3.1.1 violazione di legge e vizio di motivazione con riferimento all’art. 644, comma 5, n. 3, cod. pen. per avere la Corte d’appello confuso lo stato di difficoltà economica della persona offesa con lo stato di bisogno quale presupposto della ipotesi aggravata: rileva, infatti, che i giudici di secondo grado non hanno affrontato la questione, devoluta con l’atto d’appello, del discrimine tra lo stato di difficoltà evocato dal terzo comma dell’art. 644 cod. pen., e lo stato di bisogno di cui al successivo comma 5, segnalando che la sentenza impugnata si è limitata ad evidenziare le condizioni cui il prestito era stato erogato di per sé non significative di uno stato di bisogno;
3.1.2 violazione di legge e vizio di motivazione in relazione all’art. 416-bis.1 cod. pen. per avere la Corte d’appello travisato il contenuto della dichiarazione resa dal COGNOME: rileva che i giudici di secondo grado hanno confermato l’aggravante mafiosa, declinata sotto il profilo del metodo, sulla scorta di quanto riferito dal COGNOME a proposito di quanto riportatogli dal COGNOME il quale aveva affermato di non poter perdere il denaro prestato perché, almeno in parte, riconducibile ad uno zio appartenente alla camorra; aggiunge che, in ogni caso, il COGNOME non aveva mai riferito di minacce ricevute dal COGNOME essendosi limitato
a sottolineare come costui fosse molto insistente nelle richieste di restituzione del denaro; osserva che il riferimento operato al fantomatico zio camorrista era in ogni caso avvenuto nel corso di un dialogo intrattenuto dal COGNOME con una terza persona e non già con il COGNOME;
3.2 l’Avv.

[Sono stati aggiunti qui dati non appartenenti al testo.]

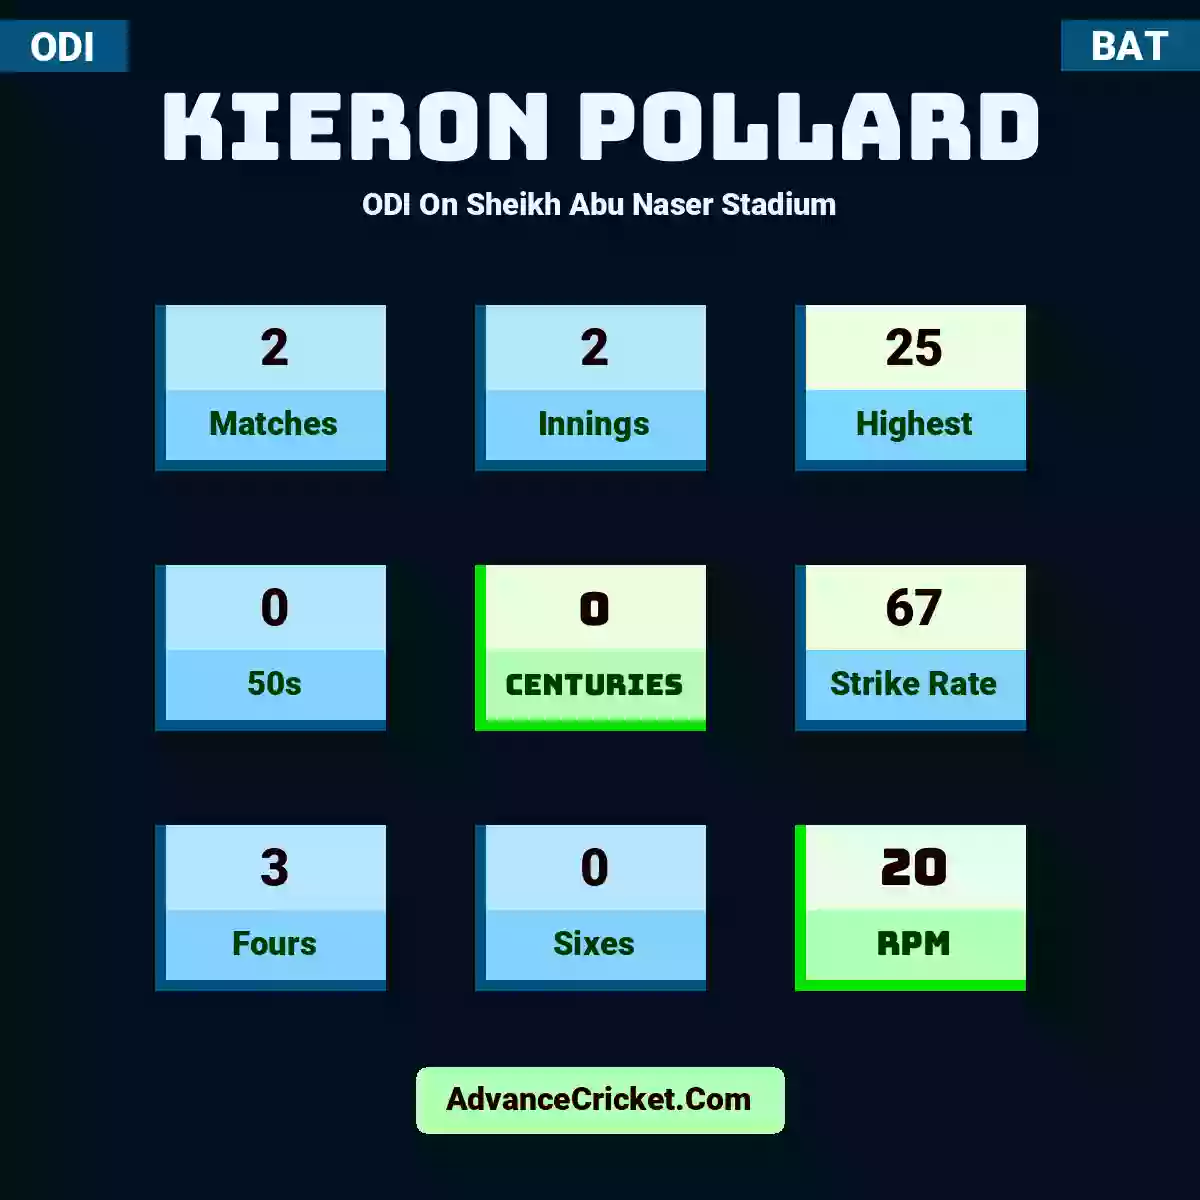 Kieron Pollard ODI  On Sheikh Abu Naser Stadium, Kieron Pollard played 2 matches, scored 25 runs as highest, 0 half-centuries, and 0 centuries, with a strike rate of 67. K.Pollard hit 3 fours and 0 sixes, with an RPM of 20.

NOME COGNOME con un secondo ricorso, deduce:
3.2.1 nullità della sentenza per carenza e/o contraddittorietà della motivazione in ordine alla sussistenza del delitto di usura: rileva che la Corte d’appello ha fondato la responsabilità del ricorrente sulle dichiarazioni della persona offesa e della di lui consorte ed ha ricostruito l’iter investigativo valutando soltanto alcuni elementi ai fini della verifica della c.d. usura “in concreto” omettendo, tuttavia, di considerare la complessità dei rapporti intercorsi tra le parti; richiama, a tal fine, l’obbligo del giudice di merito di sottoporre dichiarazioni della persona offesa ad uno specifico vaglio di attendibilità e richiama, a tal proposito, il contenuto della informativa che aveva riportato le dichiarazioni rese dal COGNOME in data 12 dicembre contraddette dal tenore dei messaggi che costui pressoché quotidianamente inviata al COGNOME; riporta, inoltre, gli appunti acquisiti dagli investigatori sottolineandone la inidoneità a dimostrare l’esistenza di pattuizioni aventi ad oggetto interessi usurari e sottolinea come, dalla lettura degli atti, non era nemmeno possibile evincere quale fosse l’attività svolta dal COGNOME;
3.2.2 nullità della sentenza per assoluta carenza di motivazione sull’aggravante di cui all’art. 416-bis.1 cod. pen.: richiama le dichiarazioni del COGNOME su cui i giudici di merito hanno fondato la diagnosi circa la sussistenza dei presupposti dell’aggravante sotto il profilo del metodo, invero contraddette dal tenore dei messaggi costantemente intercorsi tra i due e, comunque, in assenza di ogni riscontro circa contatti tra il ricorrente e gli ambienti della criminali organizzata; richiama la giurisprudenza di questa Corte circa l’elemento soggettivo che deve sorreggere l’aggravante;
3.2.3 nullità della sentenza per assoluta carenza e/o contraddittorietà della motivazione in relazione alle aggravanti di cui ai commi 1 e 5 nn. 3 e 4 dell’art. 644 cod. pen.: rileva che il ricorso a prestiti di piccolo importo unitamente al fatto che l’attività commerciale era intestata alla madre del ricorrente, doveva portare ad escludere le contestate aggravanti, il ricorso dei cui presupposti era ancora una volta smentito dai messaggi intercorsi tra il COGNOME e l’odierno ricorrente da cui non emerge mai una situazione di difficoltà economica e tantomeno uno stato di bisogno;
3.2.4 nullità della sentenza per assoluta carenza di motivazione in relazione al diniego delle circostanze attenuanti generiche da valutare almeno equivalenti alle contestate aggravanti: rileva che la Corte non ha considerato lo stato di incensuratezza dell’imputato ed il suo corretto comportamento processuale caratterizzato dalla rinuncia al motivo assolutorio;
3.2.5 nullità della sentenza per assoluta carenza e/o contraddittorietà della motivazione – travisamento del fatto, in relazione al motivo di impugnazione articolato con l’atto d’appello laddove era stato evidenziato l’errore in cui era incorso il primo giudice nell’affermare che il ricorrente avrebbe reso confessione in merito ai fatti di causa;
Il PG ha concluso per il rigetto del ricorso.
CONSIDERATO IN DIRITTO
Il ricorso è inammissibile perché articolato su censure non consentite o, comunque, manifestamente infondate.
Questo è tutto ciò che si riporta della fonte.